Regular Expressions: querystring parameters matching

I'm trying to learn something about regular expressions.
Here is what I'm going to match:
/parent/child
/parent/child?
/parent/child?firstparam=abc123
/parent/child?secondparam=def456
/parent/child?firstparam=abc123&secondparam=def456
/parent/child?secondparam=def456&firstparam=abc123
/parent/child?thirdparam=ghi789&secondparam=def456&firstparam=abc123
/parent/child?secondparam=def456&firstparam=abc123&thirdparam=ghi789
/parent/child?thirdparam=ghi789
/parent/child/
/parent/child/?
/parent/child/?firstparam=abc123
/parent/child/?secondparam=def456
/parent/child/?firstparam=abc123&secondparam=def456
/parent/child/?secondparam=def456&firstparam=abc123
/parent/child/?thirdparam=ghi789&secondparam=def456&firstparam=abc123
/parent/child/?secondparam=def456&firstparam=abc123&thirdparam=ghi789
/parent/child/?thirdparam=ghi789
My expression should "grabs" abc123 and def456.
And now just an example about what I'm not going to match ("question mark" is missing):
/parent/child/firstparam=abc123&secondparam=def456
Well, I built the following expression:
^(?:/parent/child){1}(?:^(?:/\?|\?)+(?:firstparam=([^&]*)|secondparam=([^&]*)|[^&]*)?)?
But that doesn't work.
Could you help me to understand what I'm doing wrong?
Thanks in advance.
UPDATE 1
Ok, I made other tests.
I'm trying to fix the previous version with something like this:
/parent/child(?:(?:\?|/\?)+(?:firstparam=([^&]*)|secondparam=([^&]*)|[^&]*)?)?$
Let me explain my idea:
Must start with /parent/child:
/parent/child
Following group is optional
(?: ... )?
The previous optional group must starts with ? or /?
(?:\?|/\?)+
Optional parameters (I grab values if specified parameters are part of querystring)
(?:firstparam=([^&]*)|secondparam=([^&]*)|[^&]*)?
End of line
$
Any advice?
UPDATE 2
My solution must be based just on regular expressions.
Just for example, I previously wrote the following one:
/parent/child(?:[?&/]*(?:firstparam=([^&]*)|secondparam=([^&]*)|[^&]*))*$
And that works pretty nice.
But it matches the following input too:
/parent/child/firstparam=abc123&secondparam=def456
How could I modify the expression in order to not match the previous string?
You didn't specify a language so I'll just usre Perl. So basically instead of matching everything, I just matched exactly what I thought you needed. Correct me if I am wrong please.

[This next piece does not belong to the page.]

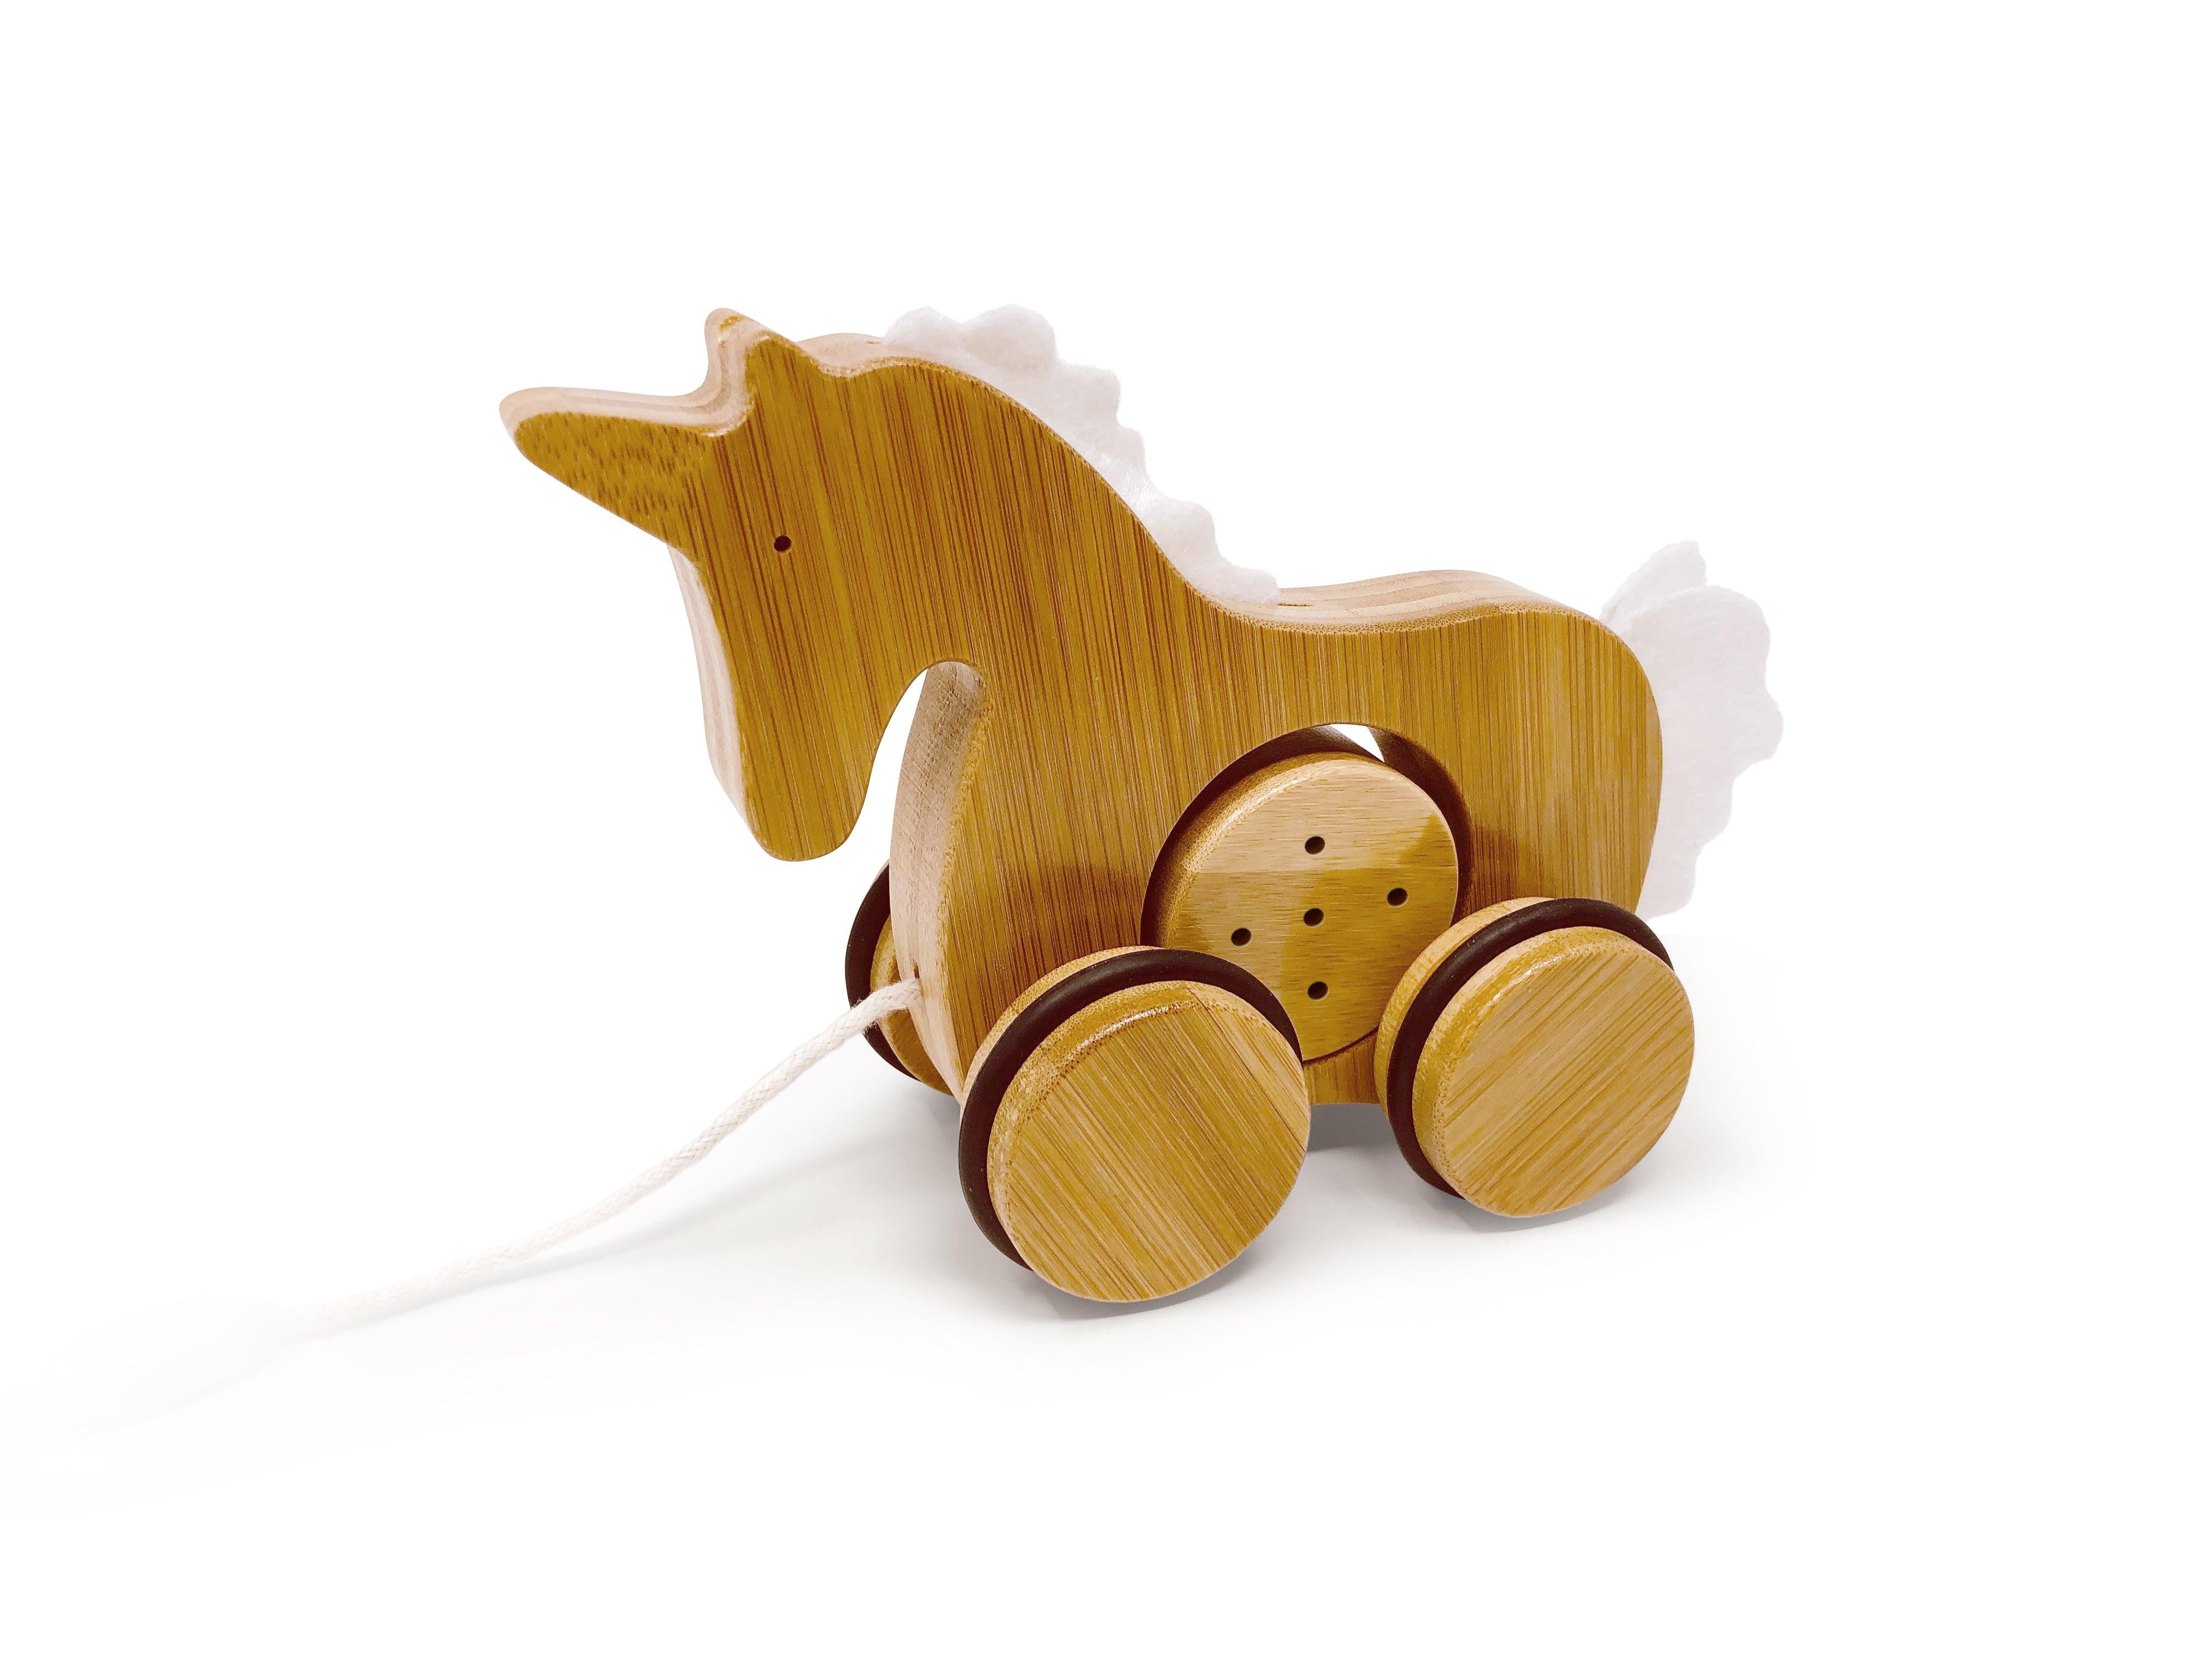 Sustainable wooden toys - eco friendly - push and pull toy - bamboo - rubber rimmed wheels - safety release mechanism - toddlers - playtoy - Kinderfeets New Zealand - Unicorn

while ($subject =~ m/(?<==)\w+?(?=&|\W|$)/g) {
# matched text = $&
}
(?<= # Assert that the regex below can be matched, with the match ending at this position (positive lookbehind)
= # Match the character “=” literally
)
\\w # Match a single character that is a “word character” (letters, digits, and underscores)
+? # Between one and unlimited times, as few times as possible, expanding as needed (lazy)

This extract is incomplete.